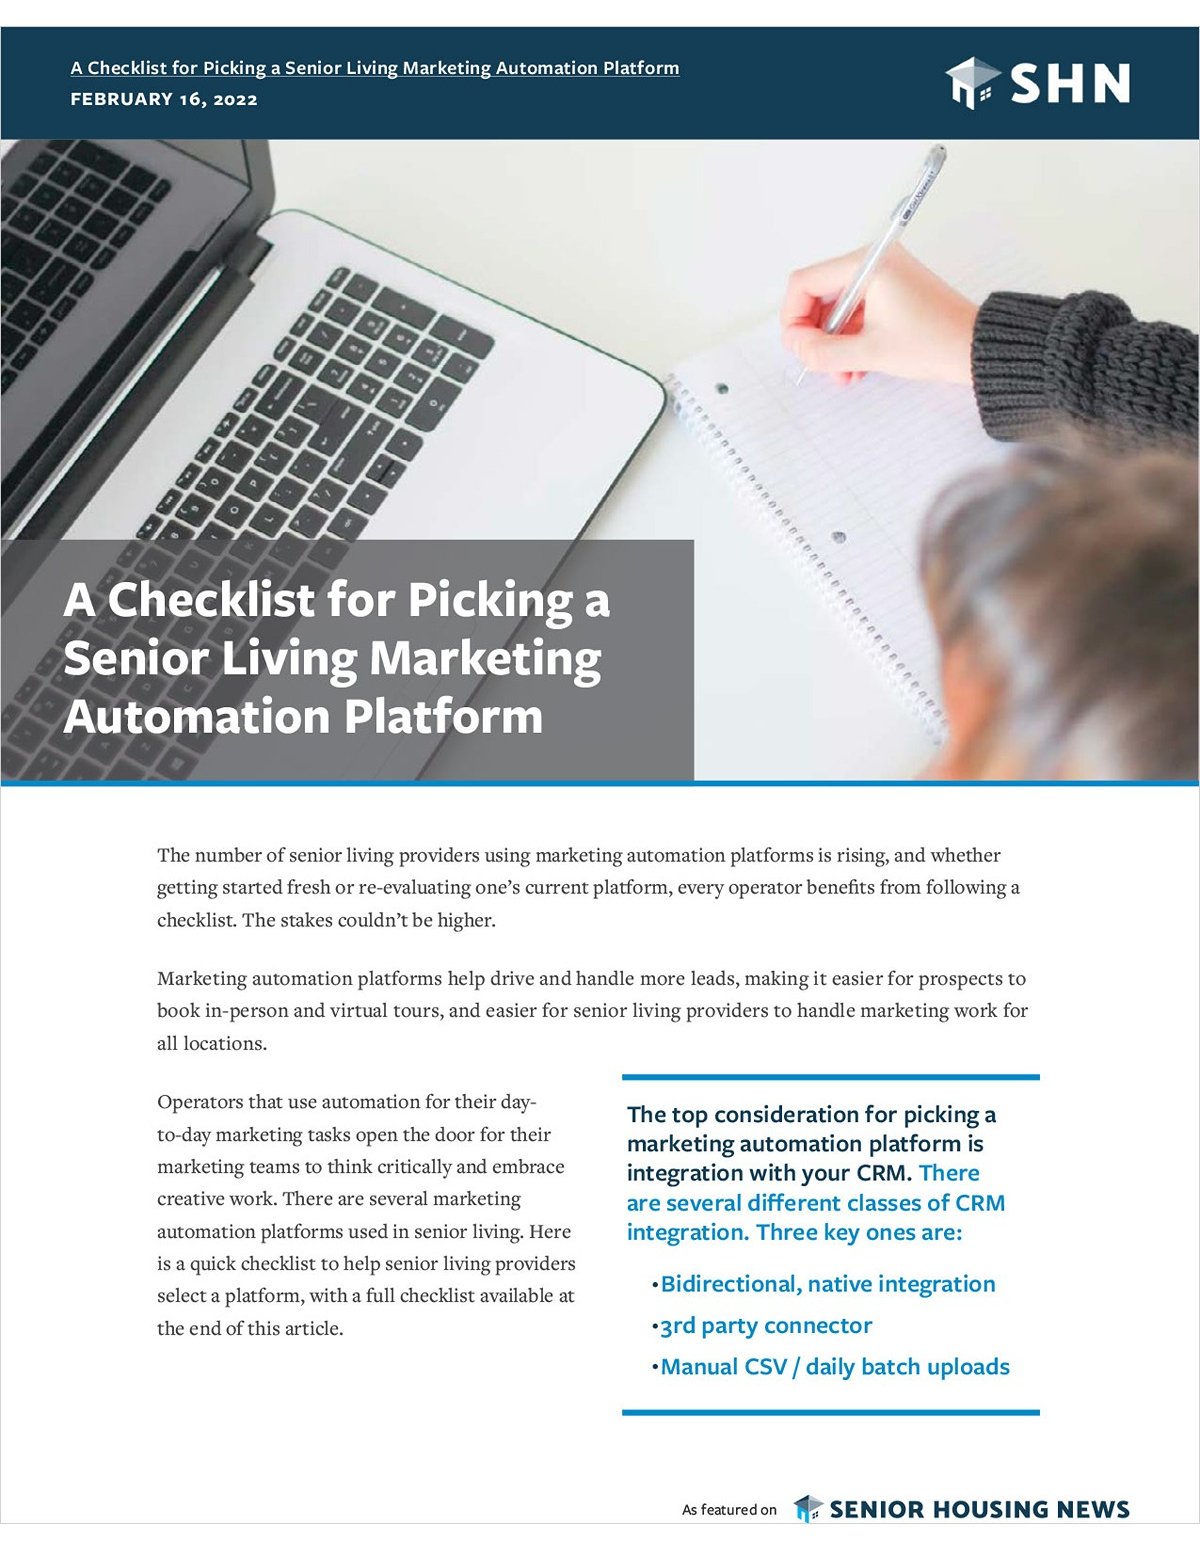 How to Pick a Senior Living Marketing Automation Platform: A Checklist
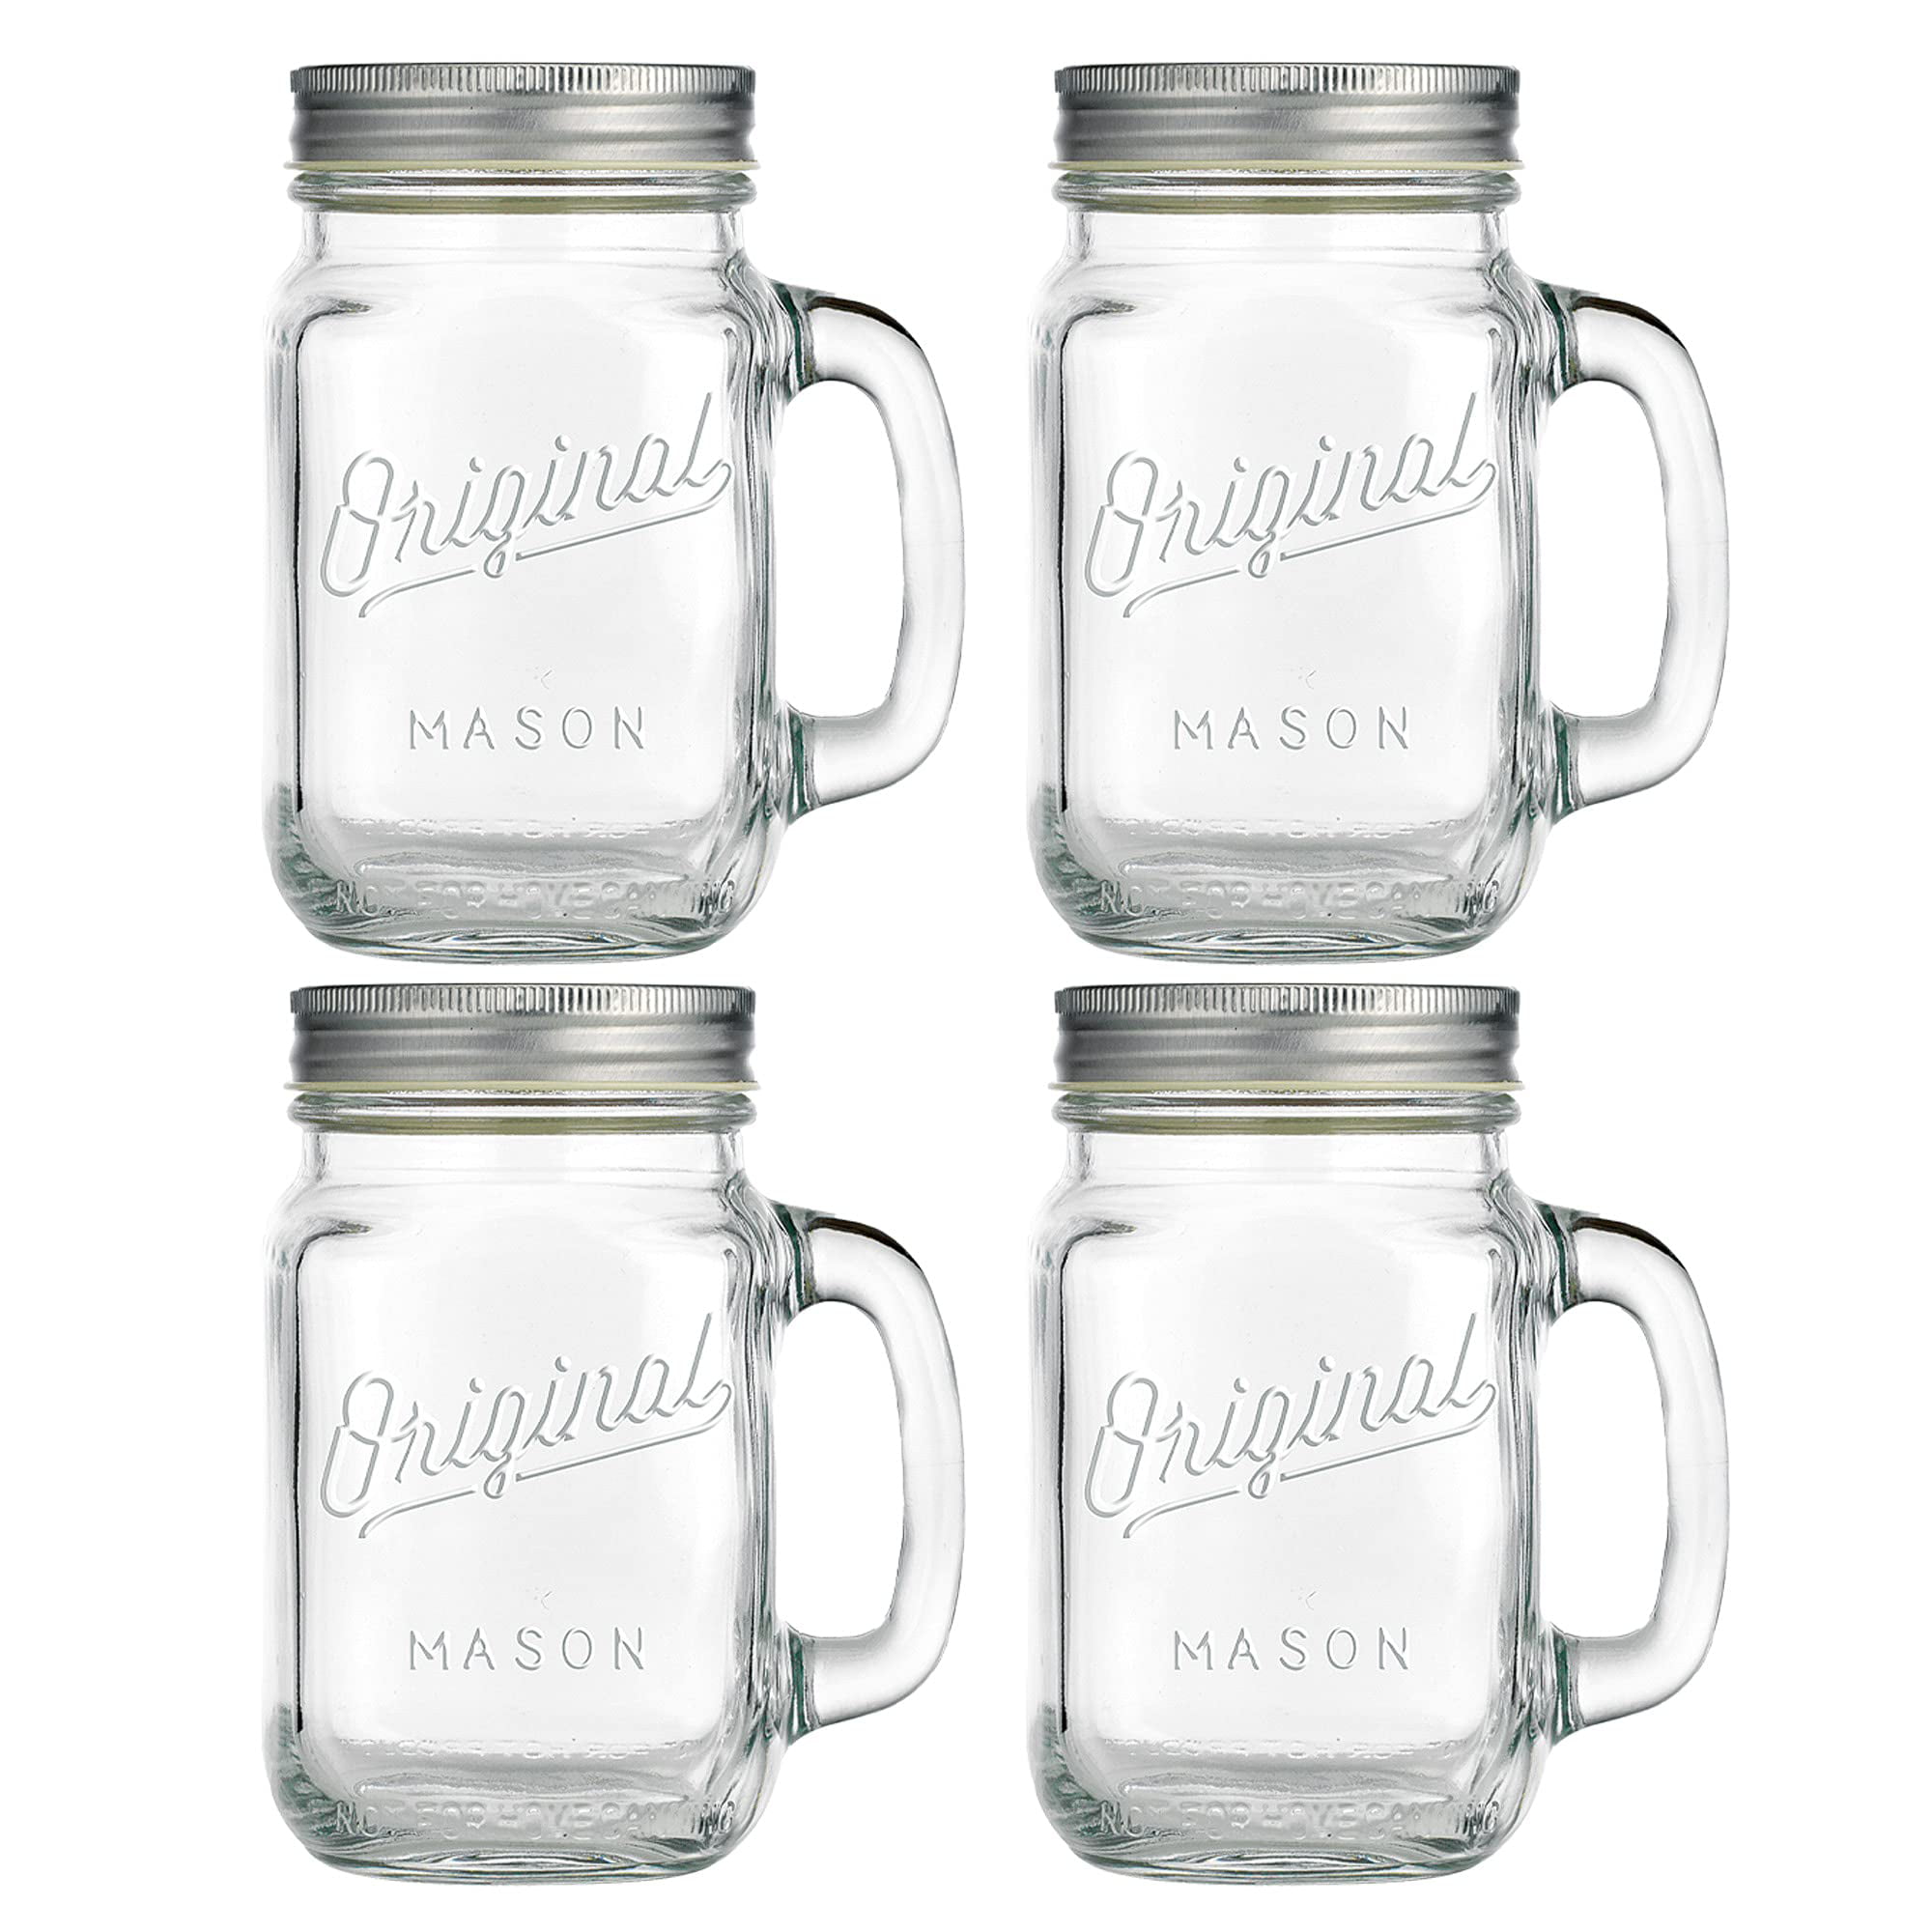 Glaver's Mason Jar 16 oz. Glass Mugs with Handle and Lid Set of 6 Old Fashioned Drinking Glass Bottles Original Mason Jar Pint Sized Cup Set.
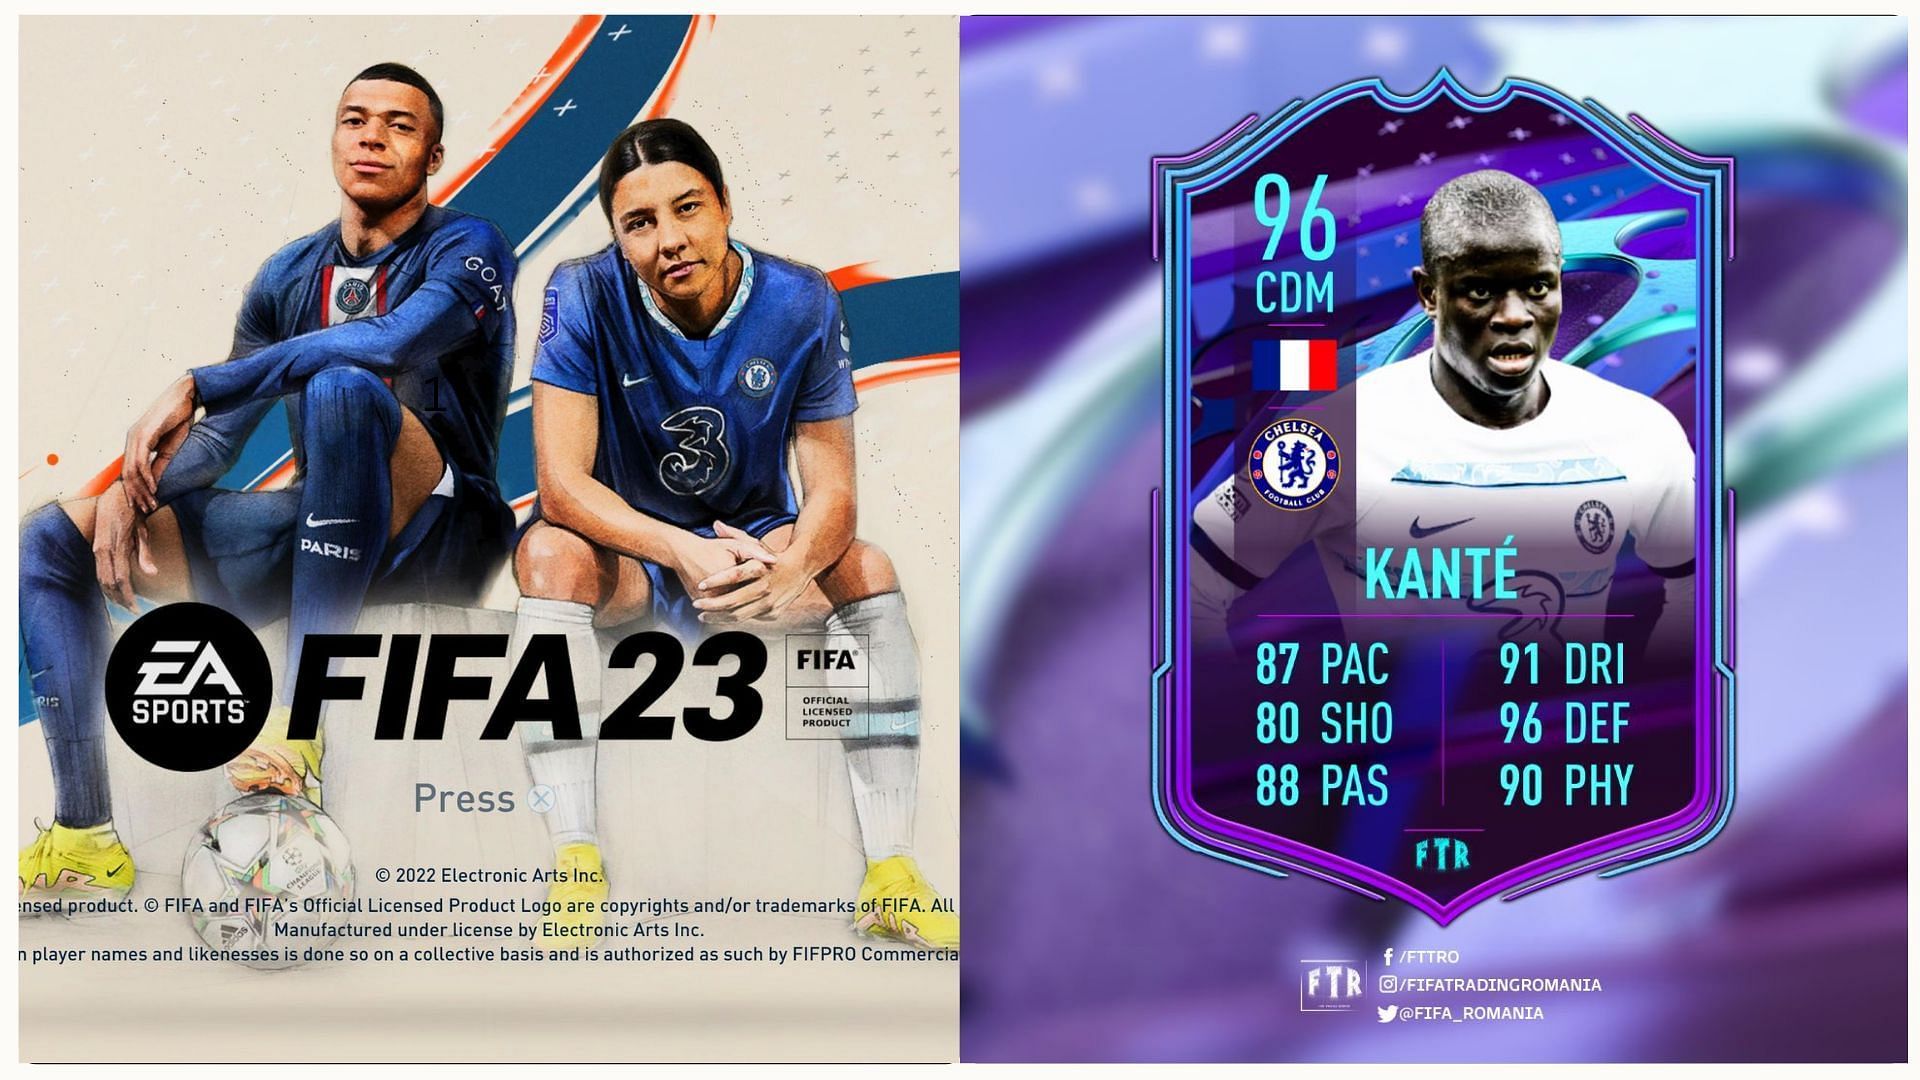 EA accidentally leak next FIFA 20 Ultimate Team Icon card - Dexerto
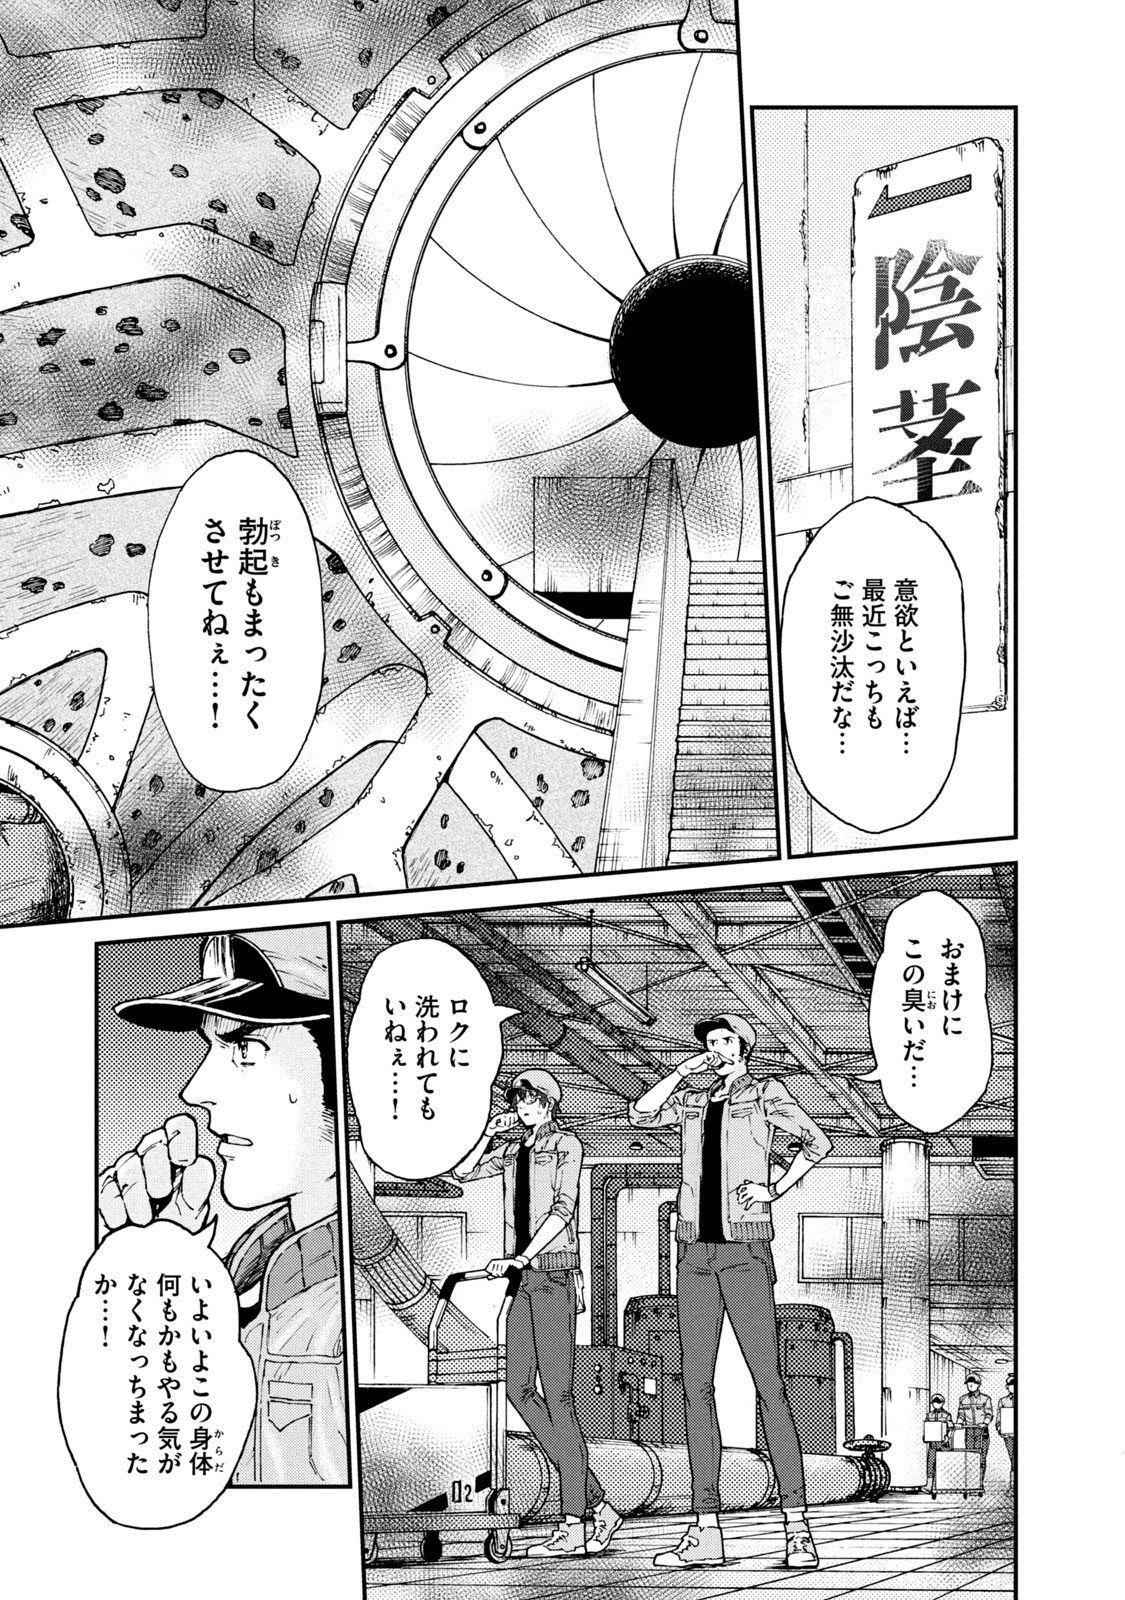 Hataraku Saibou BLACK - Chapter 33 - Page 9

TASK OBJECTIVE
With images left out, the data must be transcribed exactly.

WRITTEN RESPONSE
 How to Pick a Senior Living Marketing Automation Platform: A Checklist
 Glaver's Mason Jar 16 oz. Glass Mugs with Handle and Lid Set of 6 Old Fashioned Drinking Glass Bottles Original Mason Jar Pint Sized Cup Set.
 EA accidentally leak next FIFA 20 Ultimate Team Icon card - Dexerto
 Hataraku Saibou BLACK - Chapter 33 - Page 9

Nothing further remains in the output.